Автор книги: Георгий Адамович
Жанры:
Публицистика
,сообщить о нарушении
Текущая страница: 2 (всего у книги 41 страниц) [доступный отрывок для чтения: 15 страниц]
1928
ОПРАВДАЕТСЯ ЛИ НАДЕЖДА?
Оправдается ли надежда, – как знать? Нет игры более пустой и бесплодной, чем литературные предсказания. Случалось, что обманывали самые блистательные надежды, и порою «из ничего» развивались настоящие художники. Поэтому я поставил знак вопроса в заглавии статьи о Леониде Леонове. Но сразу хочу сказать, что такой надежды у нас давно не было, и давно уже не встречалось нам дарование настолько живое, полное силы и прелести.
Леонов в начале этого года издал свои новый роман «Вор». Больше чем когда бы то ни было хочется «порекомендовать» эту книгу, – с уверенностью, что читатель останется признателен за рекомендацию. Какие есть удивительные страницы в «Воре», какое неподдельное вдохновение! Вот десять лет существует «советская» литература, – и ведь было бы несправедливым сказать, что все, доходившее к нам под советским ярлыком, оказывалось плохо и лживо.
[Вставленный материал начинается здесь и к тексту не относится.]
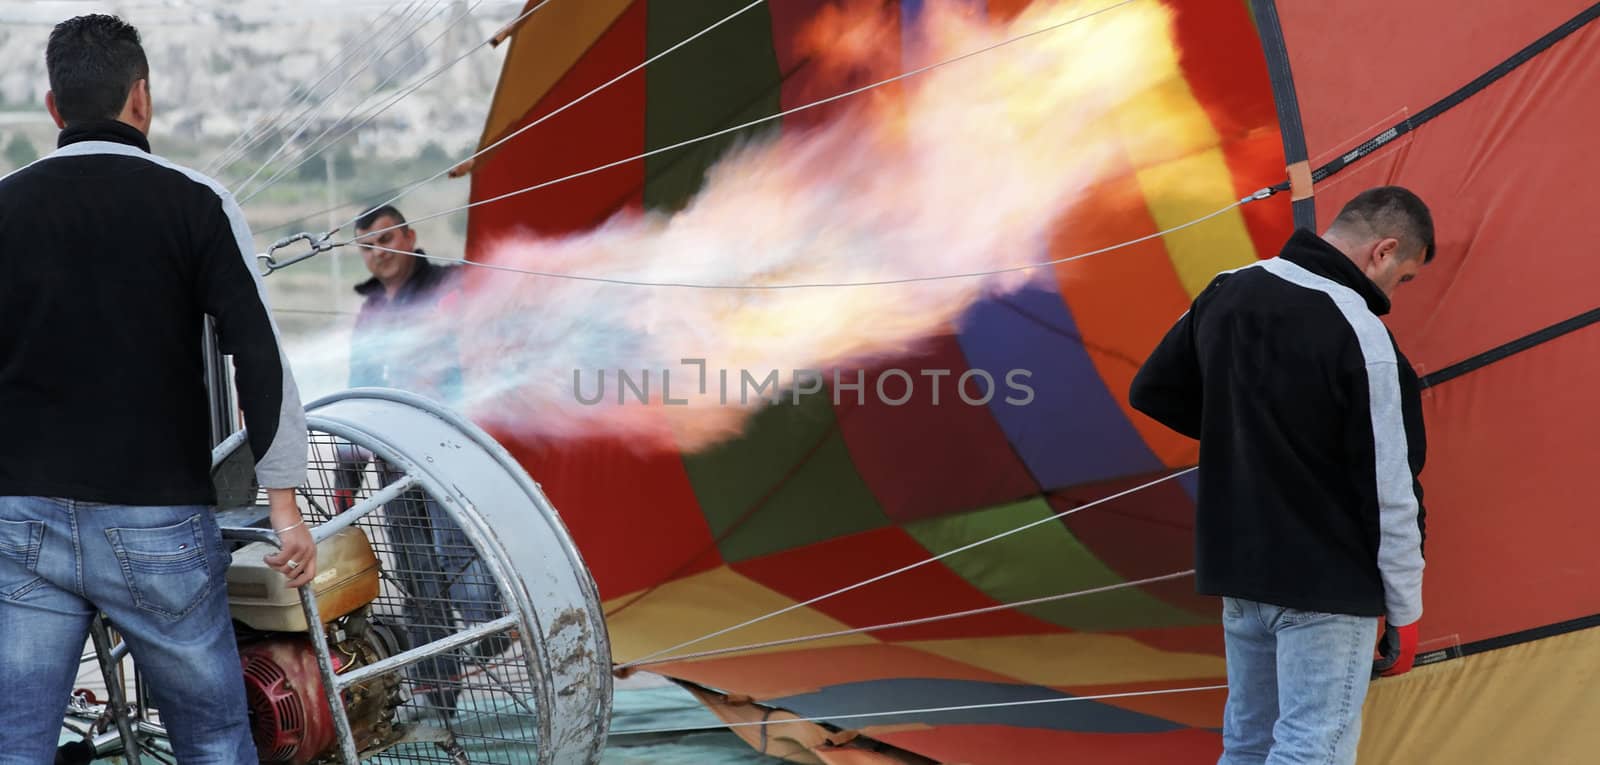 flames hot air balloon roadies getting ready by arfabita

Были и хорошие книги, появились в России и даровитые писатели. Но, конечно, ни Бабель, ни Всев. Иванов, ни Булгаков или Федин не могли бы написать «Вора», – или подняться до художественного уровня этого романа. Среди «молодых» у Леонова сейчас соперников нет.
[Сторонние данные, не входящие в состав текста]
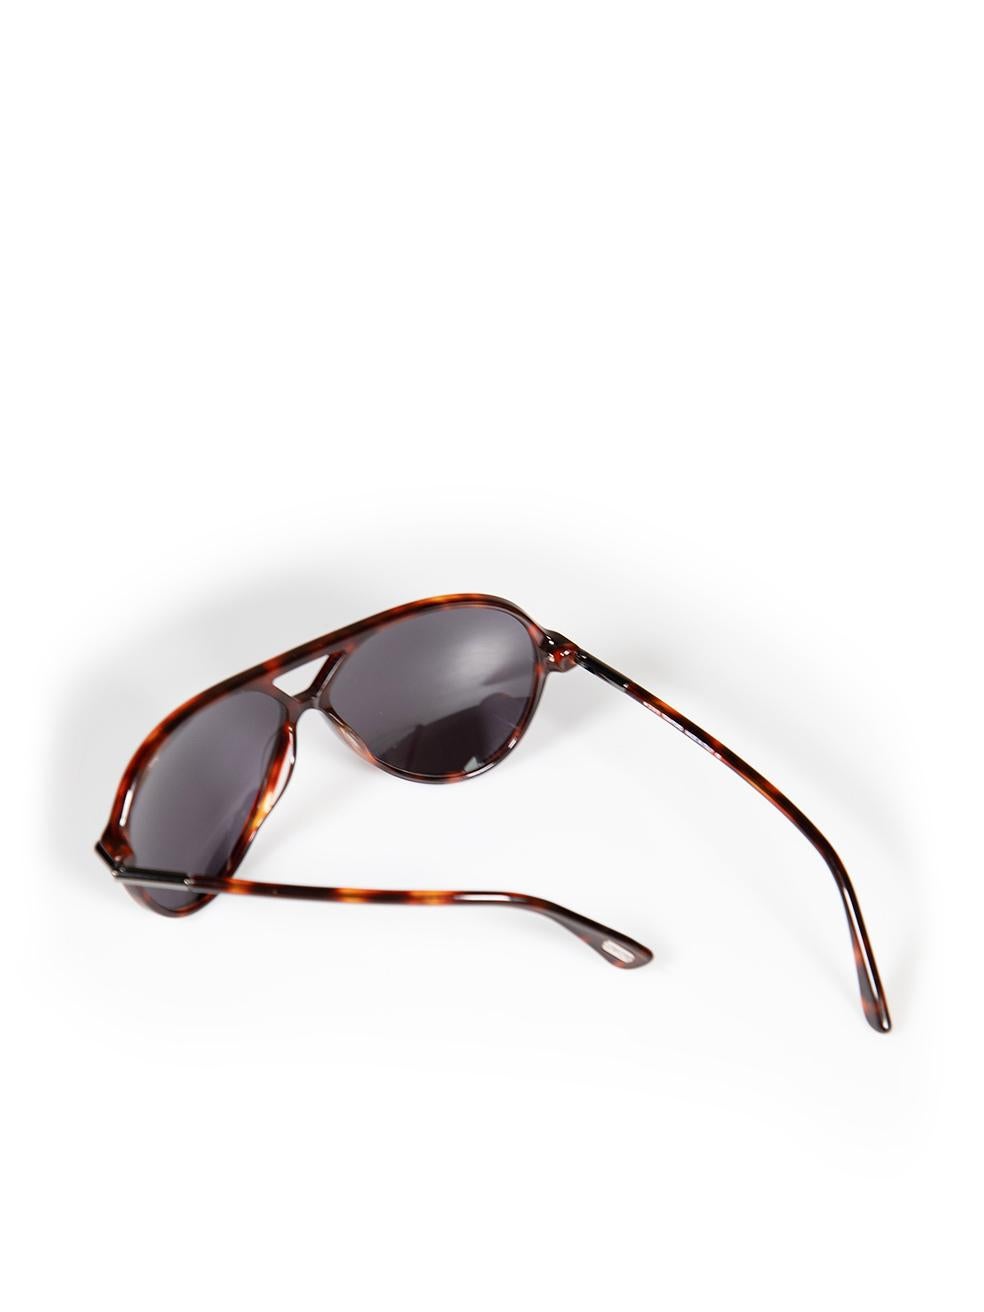 Tom Ford Red Havana Tortoiseshell Leopold Sunglasses For Sale 3

Первые повести Леонова появились, если не ошибаюсь, в 1922 году: «Туатамур», «Конец мелкого человека» и др. Но до появления романа «Барсуки» о Леонове мало кто слышал, мало кто говорил. Внимательнее всех оказался А. Воронский. бывший редактор «Красной нови», сосланный теперь в Сибирь за оппозицию, человек неглупый и небездарный, хотя чрезвычайно упрощающий все вопросы литературы и искусства. Но «упрощение» – болезнь у марксистов неизлечимая, и взыскивать за это с Воронского не приходится: но сравнению с Луначарским или Коганом, он все-таки казался чуть ли не гением. Воронский в первых своих заметках о Леонове предрекал ему большое будущее, но советовал «преодолеть целый сонм великих искусов» и выражал опасение, как бы Леонов по малой своей сознательности не оказался отброшенным «на задворки нашей современности». Интересно – что заставляло Воронского сомневаться в успехах Леонова? Для пояснения сделаю несколько выписок:
«Леонова едва ли можно назвать даже попутчиком революции. Тем более он чужд коммунизму. Думается, что у Леонова очень существенное и важное не продумано, художественно не проработано и не прочувствовано. У него есть настолько опасные изгибы, что они ставят под вопрос будущее всего его таланта» (Воронений А. Лит. типы. С. 115). «Он напуган возможностью механизации жизни и человека и, по-видимому, в коммунизме готов видеть противника этой жизни… при таких настроениях очень легко скатиться в доподлинно художественную реакцию» (Там же. С. 116).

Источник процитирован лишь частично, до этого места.